The requirement that the use in commerce be a "bona fide use ... in the ordinary course of trade" was added in the Trademark Law Revision Act of 1988, P.L. 100-667, § 134, 102 Stat. 3935 (1988). This amendment sought to eliminate the practice of "token use" of trademarks to provide a basis for registration. Allard Enters., Inc. v. Advanced Programming Res., Inc., 146 F.3d 350, 357 (6th Cir. 1998); 3 J. McCarthy, McCarthy on Trademarks § 19:109 (4th ed. 2014) (citing legislative history of the 1988 Act). The Act now requires that the goods or services have been used in a way "which is typical in a particular industry"—a standard that "should be interpreted with flexibility so as to encompass various genuine, but less traditional, trademark uses, such as those made in test markets [and] infrequent sales of large or expensive items." S. Rep. No. 100-515, at 44 (1988), reprinted in 1988 U.S.C.C.A.N. 5577, 5607; see Lens.com, Inc. v. 1-800 Contacts, Inc., 686 F.3d 1376, 1379 (Fed. Cir. 2012). The House Report further explained:

While use made merely to reserve a right in a mark will not meet this standard, the [House Judiciary] Committee recognizes that the 'ordinary course of trade' varies from industry to industry. Thus, for example, it might be the ordinary course of trade for an industry that sells expensive or seasonal products to make infrequent sales. Similarly, a pharmaceutical company that markets a drug to treat a rare disease will make correspondingly few sales in the ordinary course of its trade; the company's shipment to clinical investigators during the Federal approval process will also be in it[s] ordinary course of trade.
H.R. Rep. No. 100-1028, at 15, reprinted in 7 J. McCarthy, McCarthy on Trademarks Appendix A6; see Electro Source, LLC v. Brandess-Kalt-Aetna Group, Inc., 458 F.3d 931, 940 (9th Cir. 2006). The statutory standard for bona fide use is "entirely consistent with the traditional rules governing common-law ownership of trademarks." Allard Enters., Inc. v. Advanced Programming Res., Inc., 146 F.3d 350, 357 (6th Cir. 1998). A mark is considered abandoned if "its use has been discontinued with intent not to resume such use." 15 U.S.C. § 1127. A mark owner, however, does not need to use the mark in the precise manner that it was initially used or registered to prevent abandonment. See 3 J. McCarthy, McCarthy on Trademarks and Unfair Competition § 17:23 (4th ed. 2014); see also Restatement (Third) of Unfair Competition § 30 cmt. b (1995).
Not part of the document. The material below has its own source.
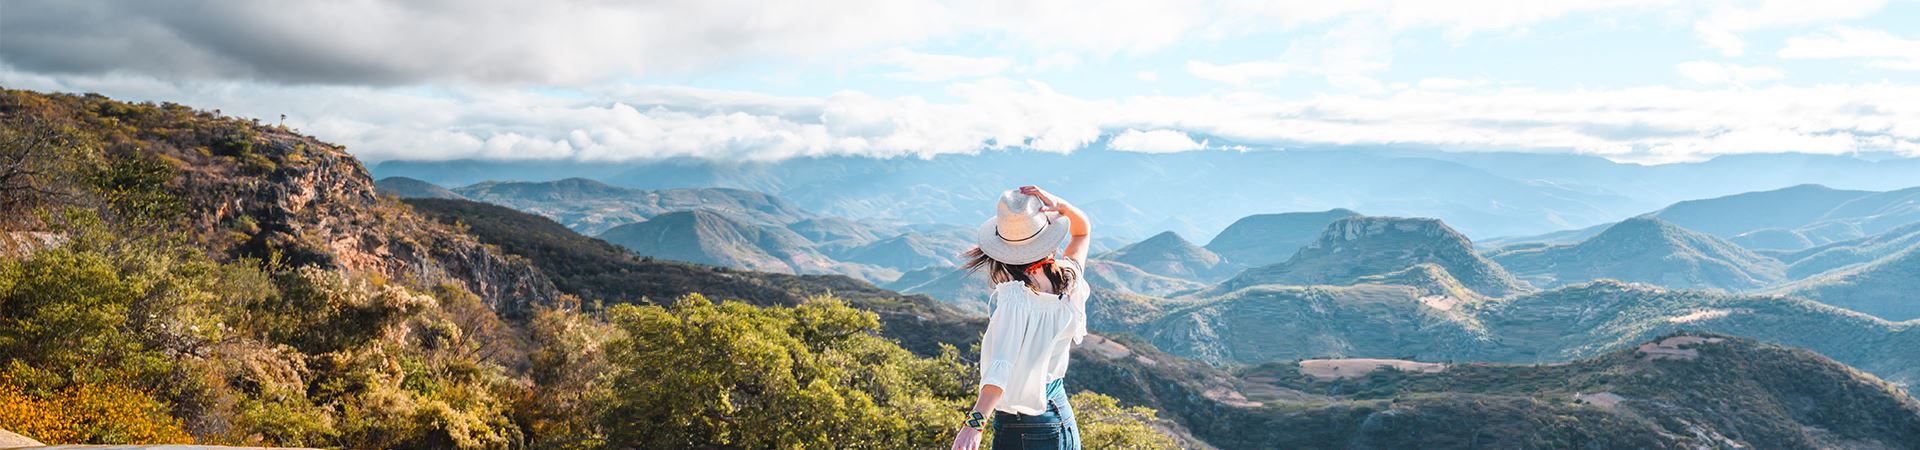 Landscapes of vast mountainous area, with clouds hanging over the top of the mountains. In the foreground you can see a girl, with her back towards the objective, watching the landscape. Her right hand is holding a beige hat with a wide brim. The brown hair is loose and shoulder-length. She wears a white, half-sleeve blouse and blue jeans. On her left wrist she wears a wide, colorful bracelet.

The district court concluded that the use of IntelliJet software was insufficient to support ownership of the mark based in part on a determination that NetJets had not sold its software independently from its private-plane services. In reaching this conclusion, the court overlooked an important factual dispute. NetJets did, in fact, put forward evidence that it has sold the IntelliJet software itself, rather than the private-plane services, to two external customers: Marquis Jet Partners and National Private Air Transport Services Company Limited. Marquis Jet Partners was an independent company that purchased a significant number of fractional shares from NetJets and subdivided those shares into smaller amounts of time, called "jet cards," which it then sold to its own customers. NetJets presented testimony that it licensed Marquis to use the IntelliJet software to manage its jet-card business before purchasing Marquis in 2010. National Private Air Transport Services Company Limited operated NetJets Middle East under a "franchise type of arrangement," which included a "Technical Services Agreement" for use of IntelliJet software. The arrangement ended in October 2011. IntelliJet calls into question the nature of these agreements, particularly because no written agreement for the Marquis license could be found. The questions about the nature and existence of these licenses are nonetheless sufficient to call into question whether NetJets was marketing software, under the INTELLIJET mark, to other private-plane companies. In light of the dynamics of the private-plane industry and the nature of the software product, a reasonable jury could find such limited market involvement to nonetheless reflect a "bona fide use ... in the ordinary course of trade," 15 U.S.C. § 1127, and that NetJets had therefore not abandoned the mark.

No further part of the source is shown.